▸ **EXERCISE PROMPT**
Leave out the pictures and restate the rest of the data exactly.

▸ **PROVIDED DATA**
........

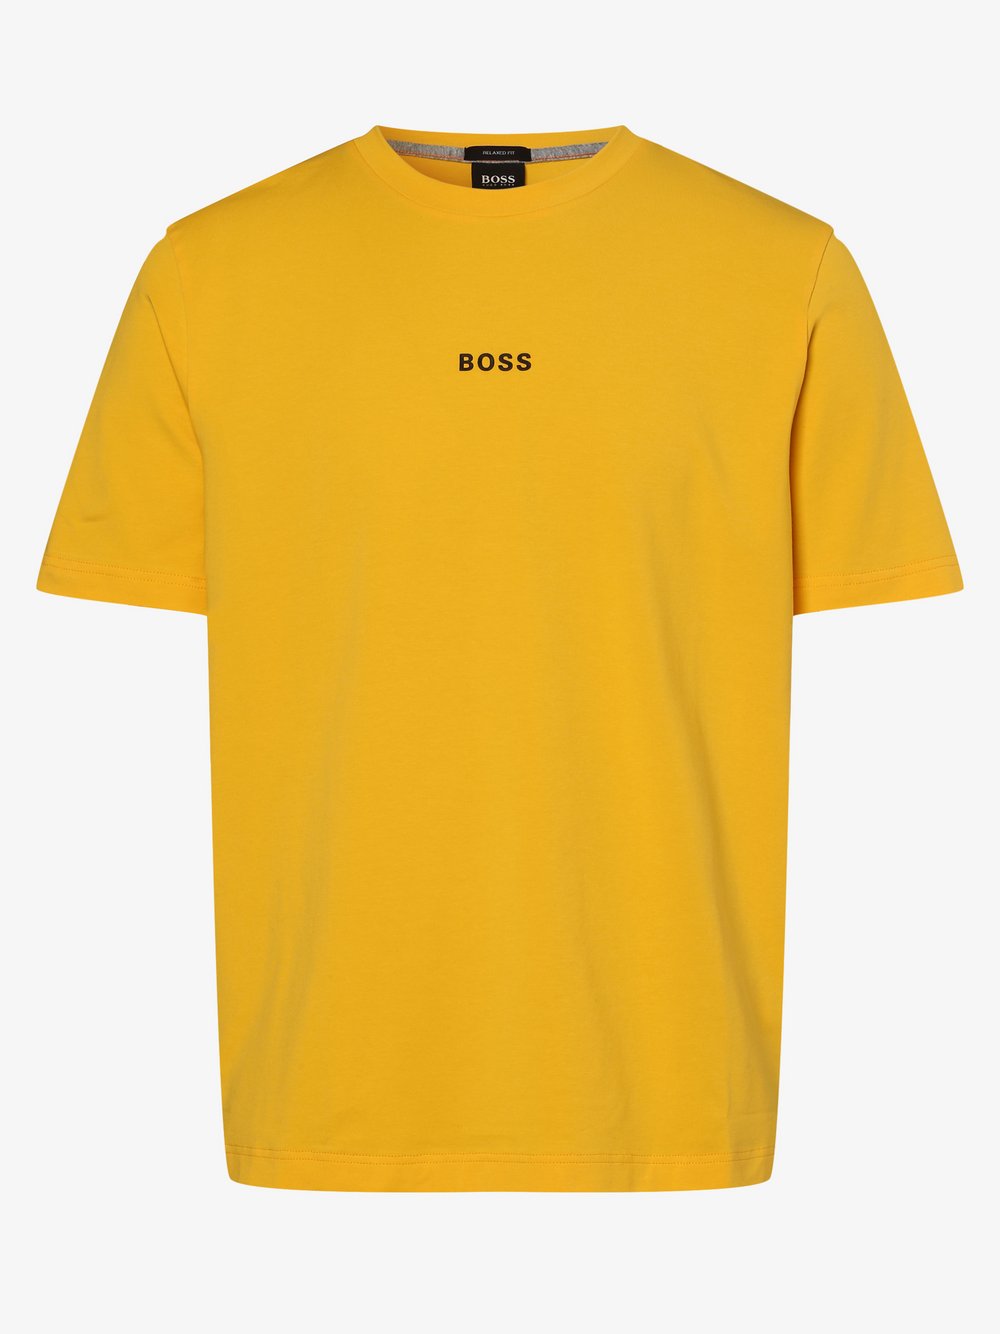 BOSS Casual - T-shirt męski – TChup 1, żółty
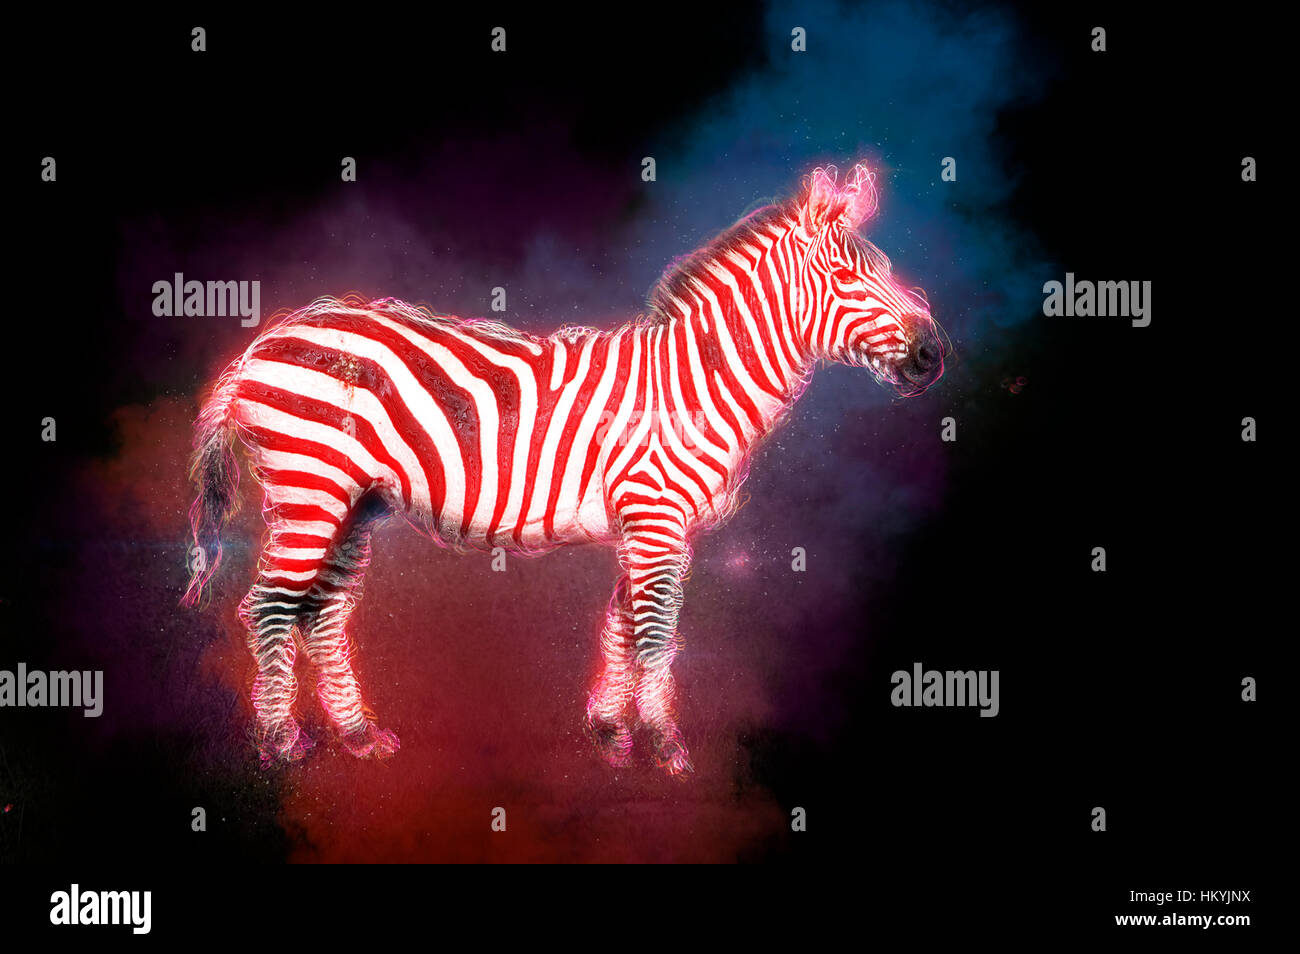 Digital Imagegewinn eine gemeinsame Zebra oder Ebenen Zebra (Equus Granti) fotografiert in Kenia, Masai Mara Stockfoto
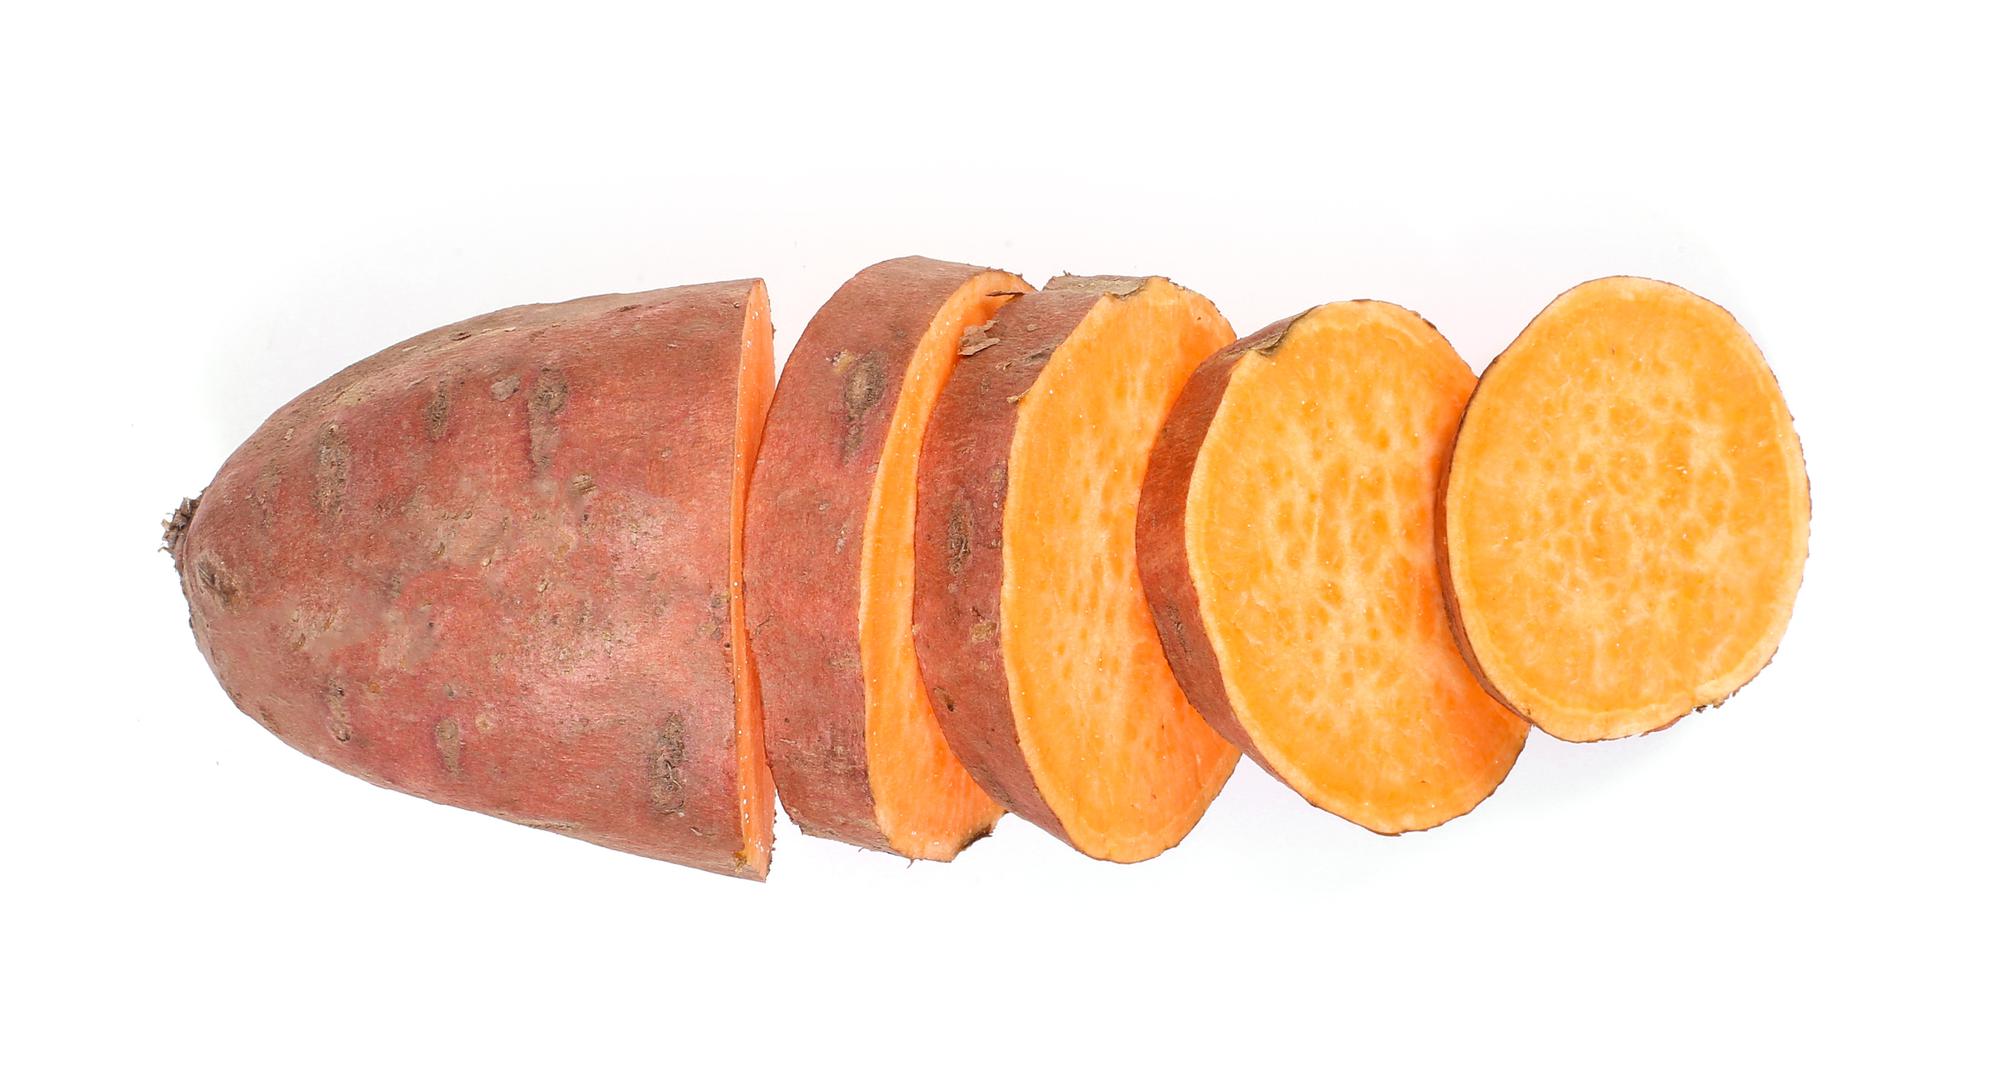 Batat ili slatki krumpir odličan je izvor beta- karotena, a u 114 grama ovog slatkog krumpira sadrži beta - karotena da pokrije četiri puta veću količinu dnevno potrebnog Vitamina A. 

........

▸ **OUTPUT BELOW**
 BOSS Casual - T-shirt męski – TChup 1, żółty
 Digital Imagegewinn eine gemeinsame Zebra oder Ebenen Zebra (Equus Granti) fotografiert in Kenia, Masai Mara Stockfoto
 Batat ili slatki krumpir odličan je izvor beta- karotena, a u 114 grama ovog slatkog krumpira sadrži beta - karotena da pokrije četiri puta veću količinu dnevno potrebnog Vitamina A. 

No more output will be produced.